Cenovus Energy predicts increased production by 2025 for new projects

Cenovus Energy, a Canadian energy company, forecasted higher oil and natural gas production in 2025. It expects to benefit from the new projects that will be coming online. According to LSEG, the company expects upstream production of between 805,000 and 845,000 boepd by 2025. The midpoint is higher than analyst estimates of 820140 boepd. The company anticipates between 770,000 and 810,000 boepd this year. The U.S. Energy Information Administration has predicted that power consumption in the U.S. will increase in 2025, with data centers, manufacturing and other operations driving the demand. This could help gas producers like Cenovus.
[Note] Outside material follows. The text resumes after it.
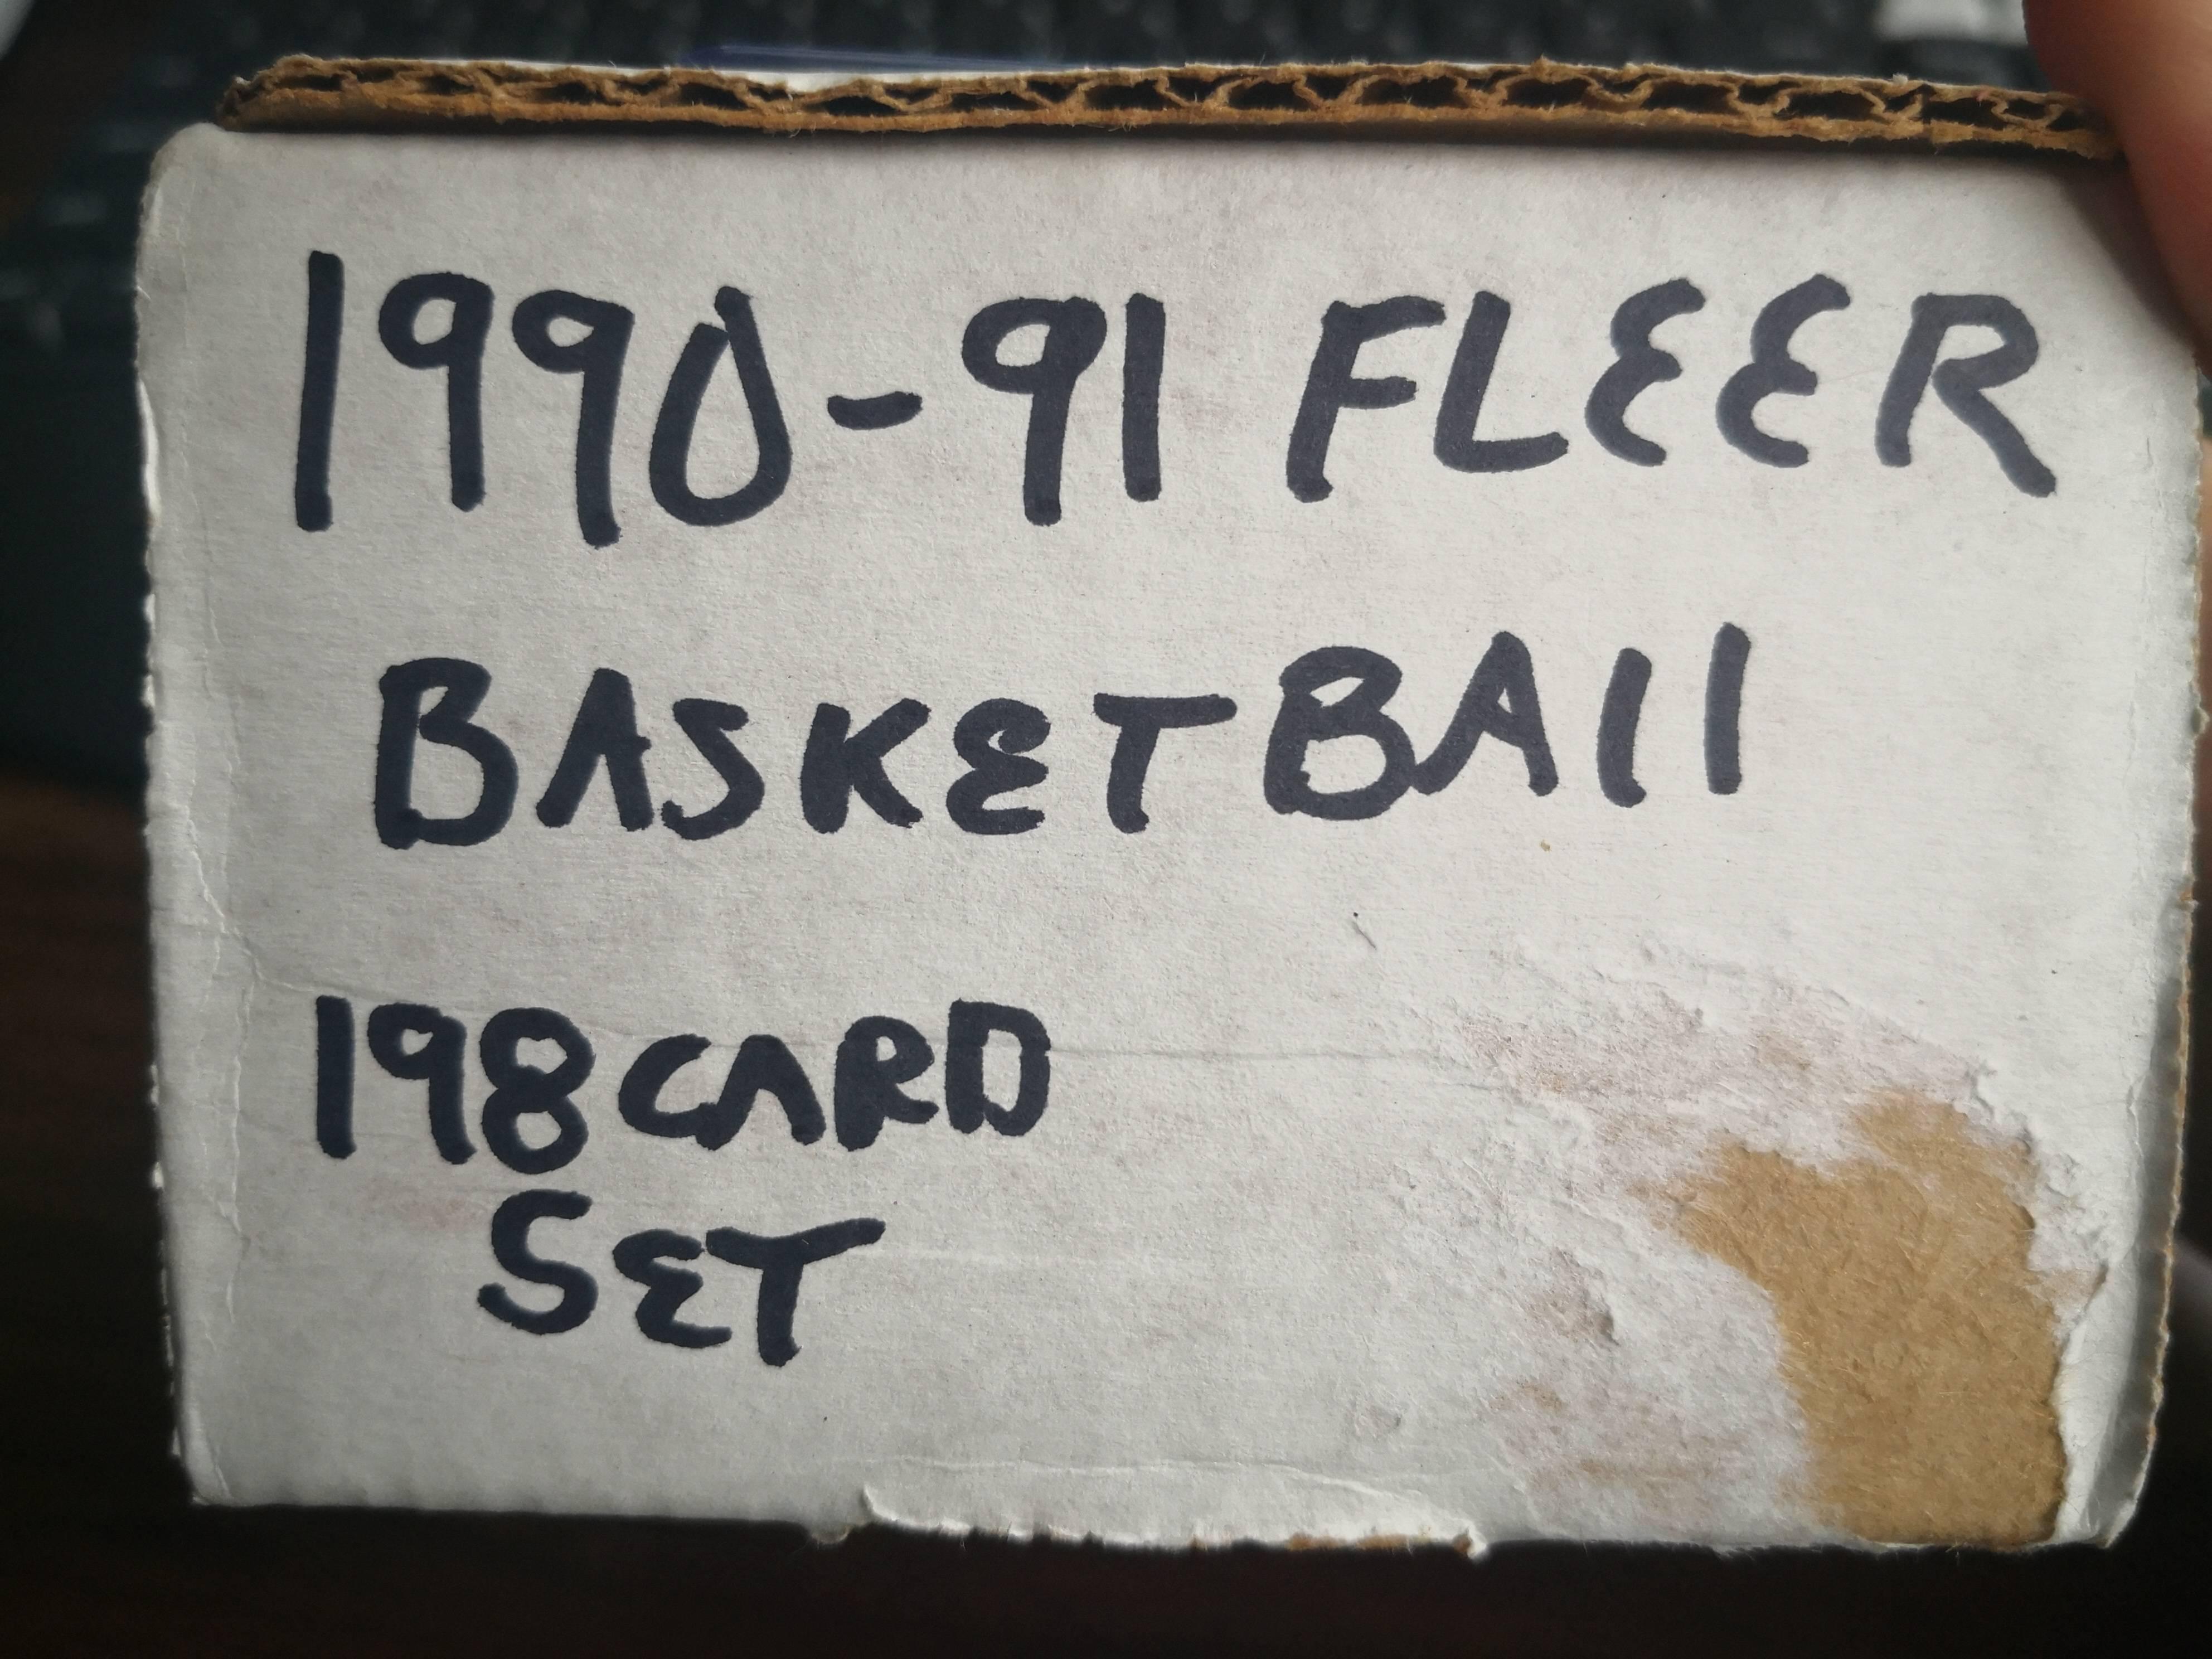 【哈卡拍卖】9091 fleer 篮球卡 套卡 198张全,含两张list 乔丹 皮蓬等巨星。30年老卡,十分难得,大多卡品9分以上。四角尖尖
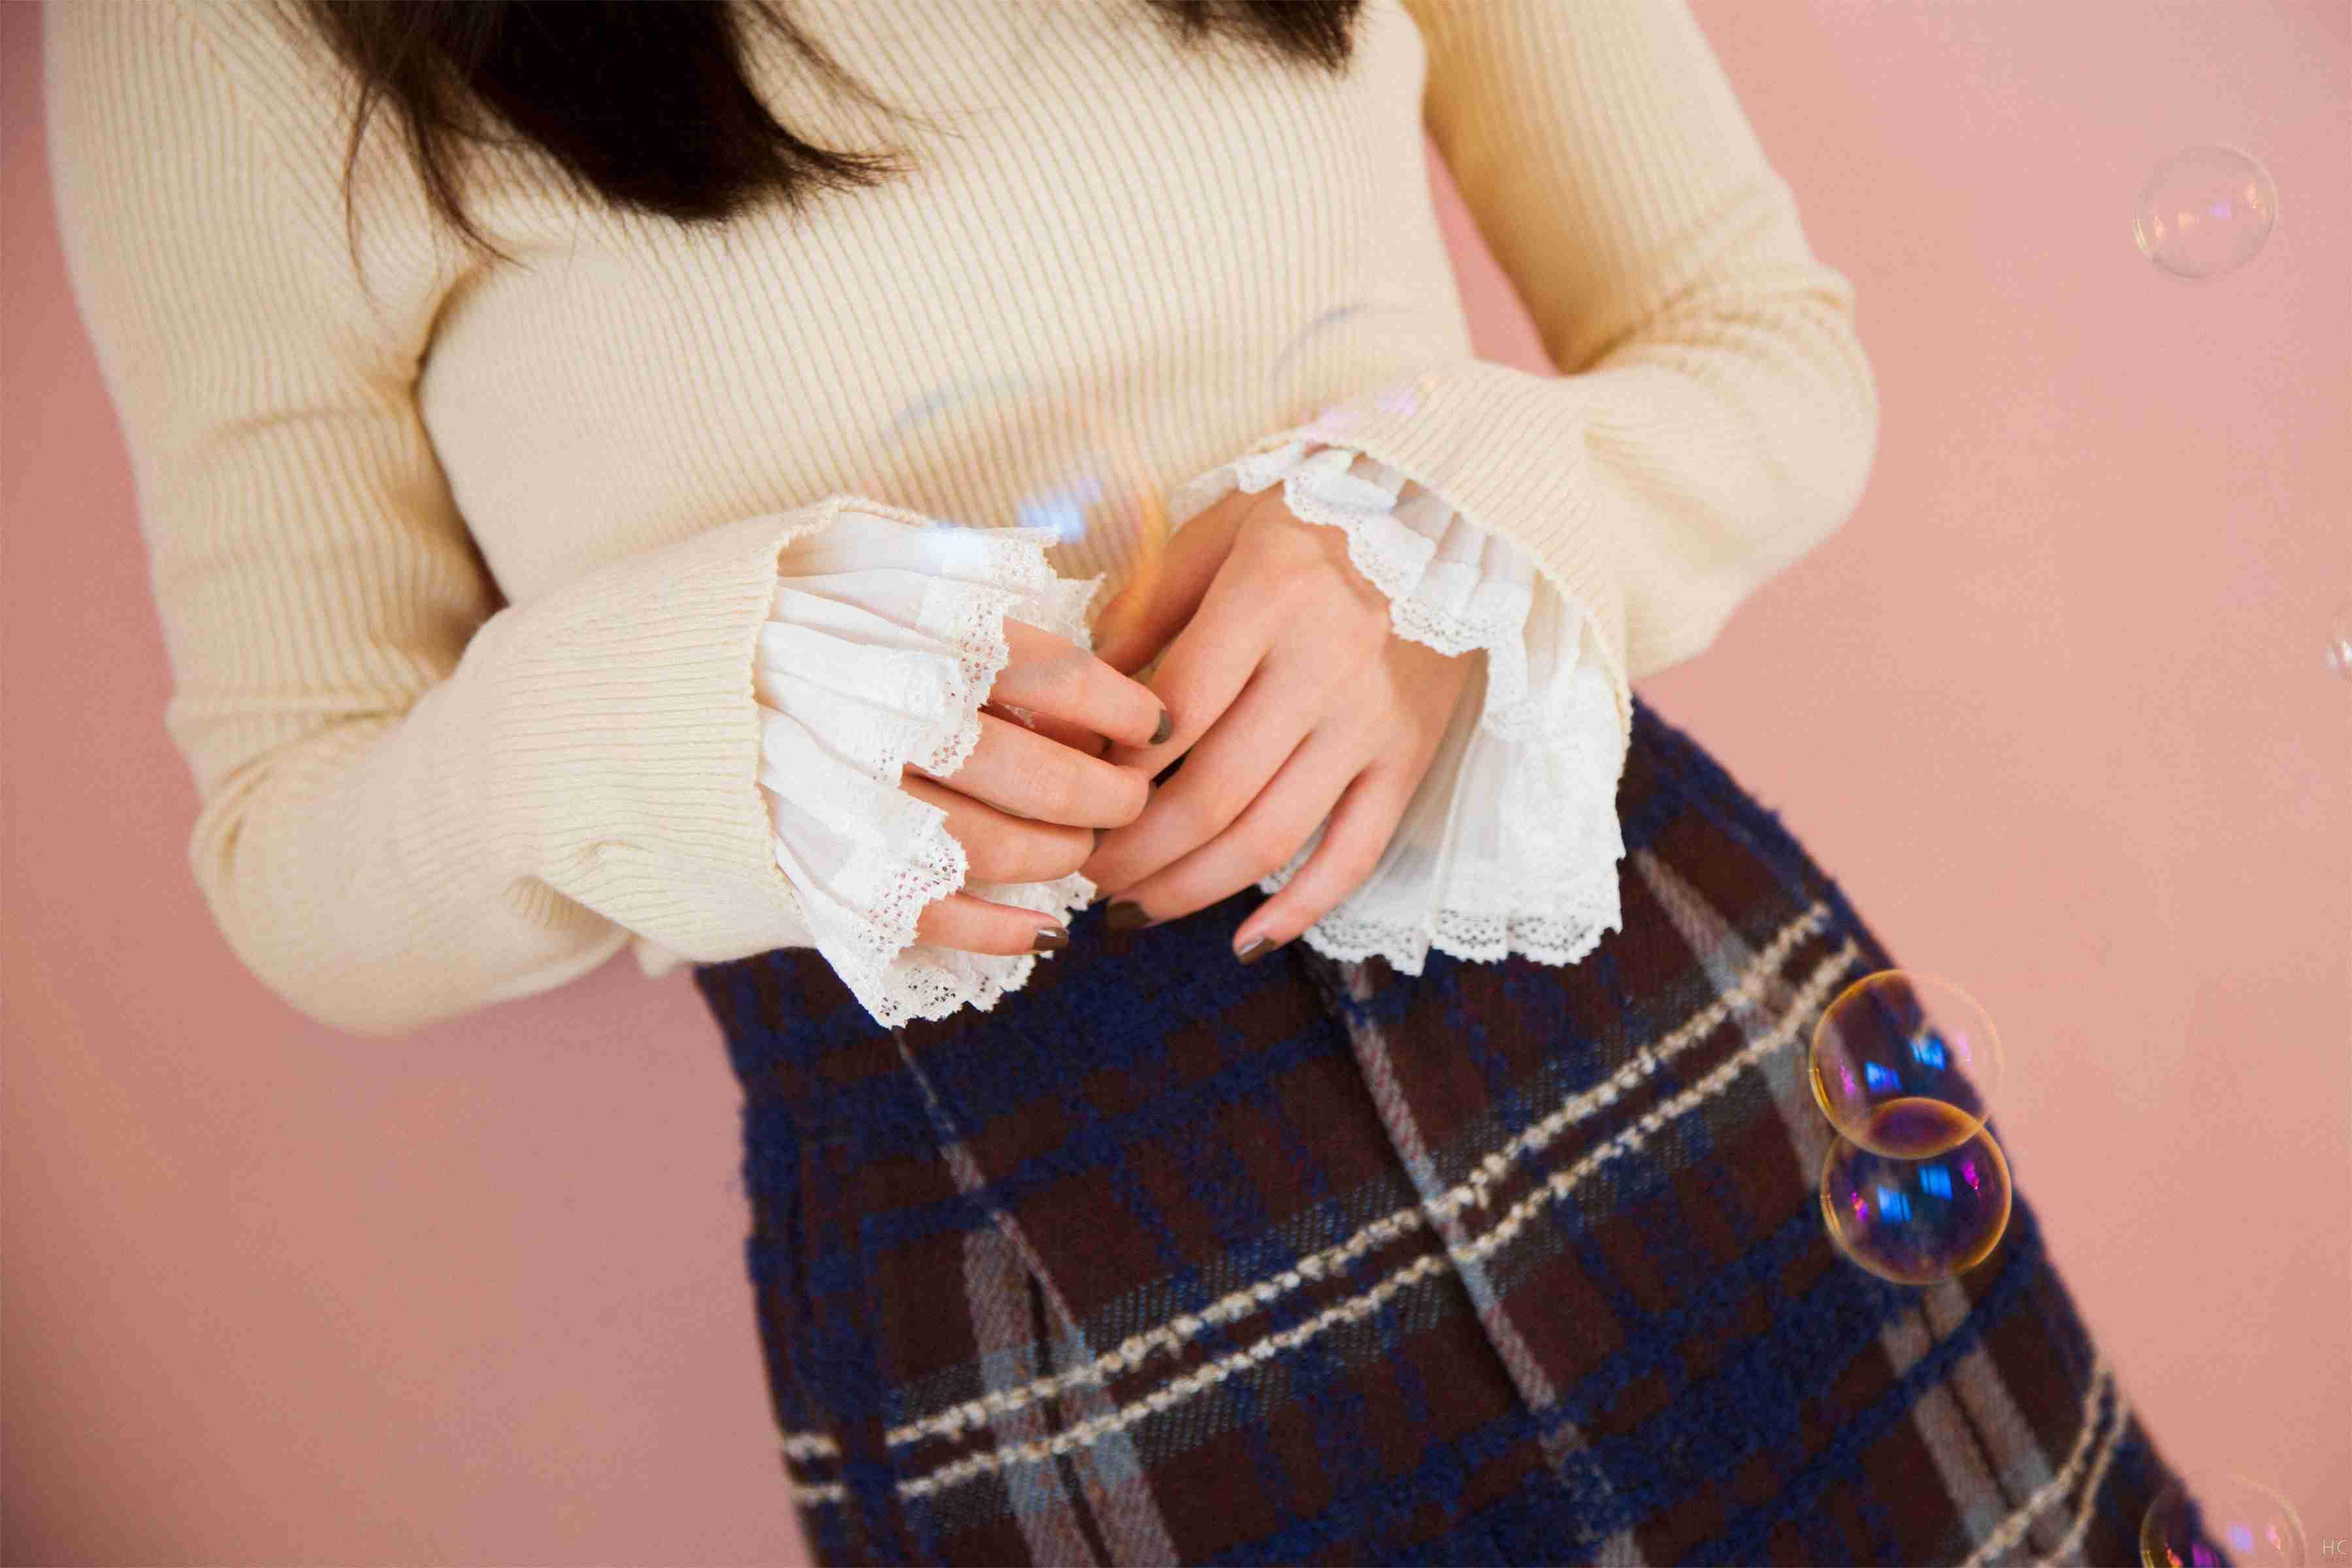 福原遥×白石隼也「グッドモーニング・コール」実写化続編が決定 杉野遥亮ら新キャスト発表

Alberta, Canada's oil province, will clean up 5% of its inactive wells by 2023

A regulatory report on Thursday said that the number of inactive gas and oil wells in Alberta, Canada’s largest fossil fuel producing province, dropped 5% from 2022 to 2023, indicating progress in reclamation and decommissioning work. Alberta has 79,000 inactive wells compared to 83,000 in 2012. Inactive wells are no longer producing oil or gas, and must be permanently plugged. The land surrounding them should also be restored. Canada is the fourth largest oil producer in the world and the sixth largest gas producer. Its western provinces have hundreds of thousands active and non-active wells. Some of these wells are orphans.

Canada Environment Minister warns oil companies against retaining emissions data

Canada's Environment Minister warned Wednesday that oil companies who withheld data on emissions would be violating federal law. This was after Alberta's Premier said the province had considered measures to stop a proposed cap. Danielle Smith, Premier of Alberta, said on Tuesday that her government will introduce a motion to the legislature to allow them to challenge Ottawa's proposed cap on oil and gas emissions. Alberta, Canada's largest oil and natural gas province, is also looking into other ways to undermine the cap should it become law. These include restricting access to oil and gas installations in Alberta as well as access to emission data.

Ovintiv extends Montney footprint by $2.38 billion

Ovintiv, a Canadian shale producer, announced on Thursday that it would acquire oil assets from Paramount Resources in exchange for cash of approximately $2.38 billion. This will strengthen its position in Canada’s highly productive Montney shale. About half of Canada's natural gas is produced in the shale formation that spans northern Alberta, British Columbia and British Columbia. The assets are near Ovintiv’s current operations. They would add 70,000 barrels per day of oil equivalent production to the Montney Formation in Alberta. Ovintiv said that it will also sell its Uinta Basin asset, located in Utah to FourPoint Resources, for $2 billion.

Sunshine Oilsands operations halted by Canadian regulator

Sunshine Oilsands has been ordered by a Canadian regulator to suspend all operations in the oil sands area of northern Alberta, including its wells, pipelines and facilities, due to a continuous failure to comply with environmental and safety regulations. The Alberta Energy Regulator's (AER) order of Nov. 14, also required Sunshine Oilsands to post a C$6,091,318 (4.36 million dollars) security deposit in order to offset the estimated costs of abandoning or recovering a well or an facility. Tuesday, the company didn't immediately respond to an inquiry for comment.